Open sotnikov-s opened 4 years ago
I am not able to reproduce the error. Instead the software throws an warning for the record. The code was last edited July 2019, have you updated and rebuilt since then?
2019-12-23 08:18:40,074 INFO [ main] pftaps19760203_wk05.zip:200:US3935790A RecordReader - ... mark pftaps19760203_wk05.zip:200
2019-12-23 08:18:40,445 WARN [ main] pftaps19760203_wk05.zip:238:US3935828A ClassificationNode - Failed to Parse locarno IPC Classification: '114' from :
I pulled the repo a week ago and use the master branch as the source. and I just retried it with pulling from master and build the .jar anew. could you please affirm my building steps are right?
mvn package
[ERROR] Failed to execute goal org.apache.maven.plugins:maven-assembly-plugin:3.1.1:single (default) on project BulkDownloader: Error reading assemblies: Error locating assembly descriptor: resources/assembly/bin.xml
mvn package
again with success resultcd BulkDownloader/target/dependency-jars
mkdir dependencies
unzip \*.jar -d dependencies/
cd dependencies
jar cf dependency.jar *
cd BulkDownloader/target/classes
Manifest-Version: 1.0
Created-By: 1.7.0_06 (Oracle Corporation)

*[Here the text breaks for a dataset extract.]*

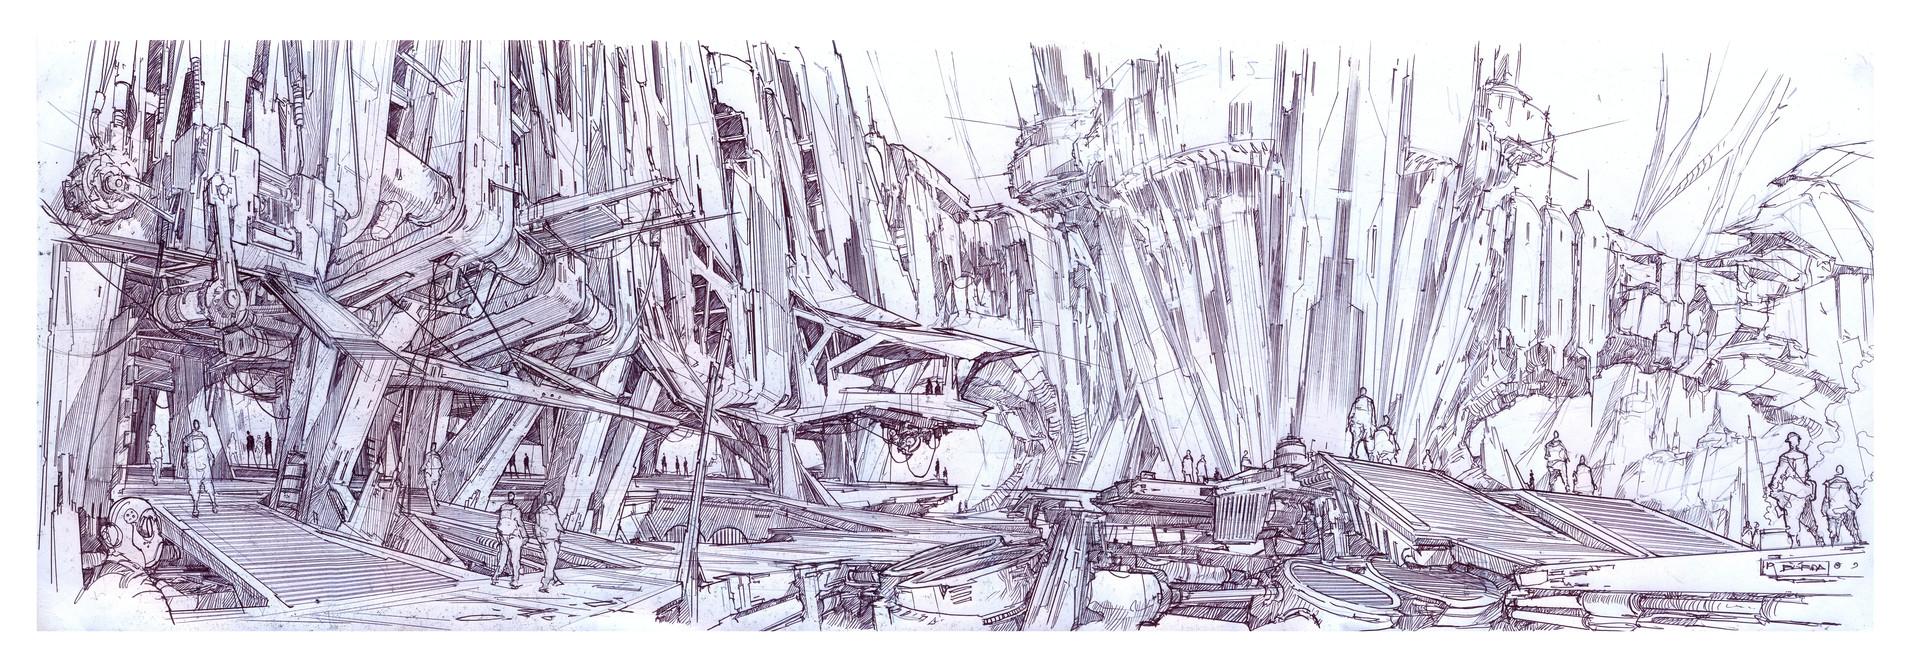 Alejandro burdisio boceto plaza telm panoramico1

Main-Class: gov.uspto.bulkdata.cli.Transformer
Class-Path: dependency.jar
jar cfm transformer.jar manifest.txt gov/*
java -jar transformer.jar -f=pftaps19760203_wk05.zip --type=json --outDir=. --outBulk=false --prettyPrint=true
After pulling the repo run "maven clean package" from the top level directory (not from within BulkDownloader). If test are failing, you can skip test with "maven clean package -DskipTests=true". If the maven build is successful a zip file should be created under target; "./target/PatentPublicData-0.0.1-SNAPSHOT-*.zip".
If the maven build is successful a zip file should be created under target; "./target/PatentPublicData-0.0.1-SNAPSHOT-*.zip".

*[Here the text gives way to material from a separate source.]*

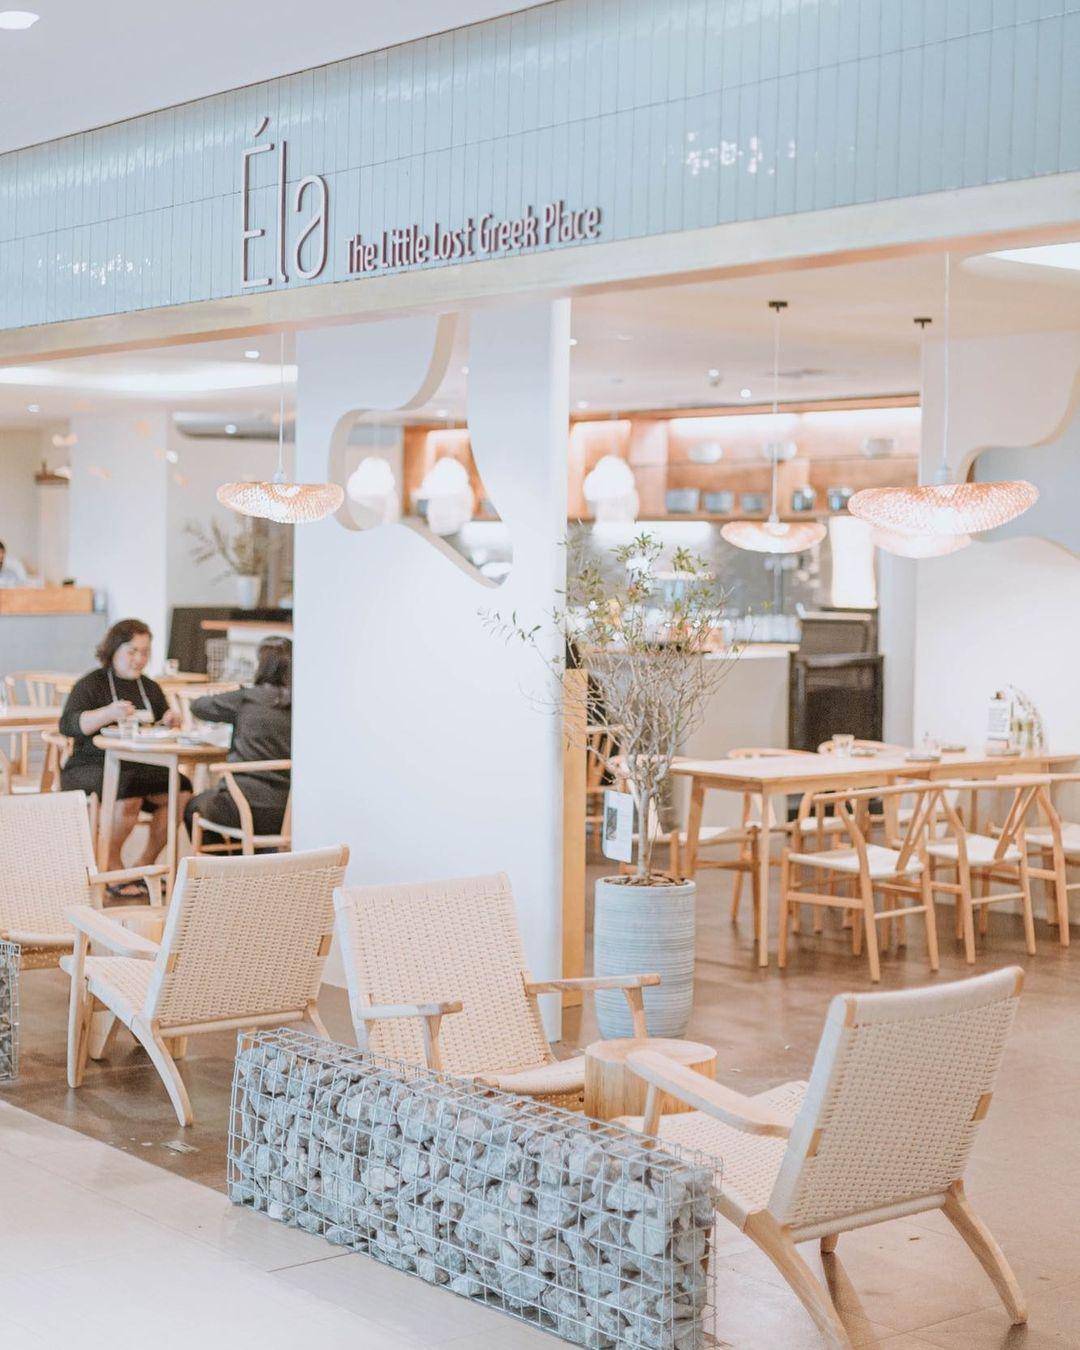 New Cafes And Restaurants June 2021 - Ela

The build was successful, the snapshot file has been created. But the same .jar creation algorithm leads to the same null pointer exception. And the same exception at the same file point also happens if I avoid all custom algorithms and run the tool as it is, with no hand made .jar files:
cd PatentPublicData/BulkDownloader
java -cp "target/BulkDownloader-0.0.1-SNAPSHOT.jar:target/dependency-jars/*" gov.uspto.bulkdata.cli.Transformer -f="pftaps19760203_wk05.zip" --type="json" --outDir="." --matching-xml=true --outBulk=false
log4j:WARN No appenders could be found for logger (gov.uspto.patent.PatentDocFormatDetect).
log4j:WARN Please initialize the log4j system properly.
log4j:WARN See http://logging.apache.org/log4j/1.2/faq.html#noconfig for more info.
Exception in thread "main" java.lang.NullPointerException
at com.google.common.base.Preconditions.checkNotNull(Preconditions.java:878)
at com.google.common.base.Strings.padStart(Strings.java:90)
at gov.uspto.patent.model.classification.LocarnoClassification.getTree(LocarnoClassification.java:72)
at gov.uspto.patent.serialize.JsonMapperStream.writeSingleClassificationType(JsonMapperStream.java:700)
at gov.uspto.patent.serialize.JsonMapperStream.writeClassifications(JsonMapperStream.java:561)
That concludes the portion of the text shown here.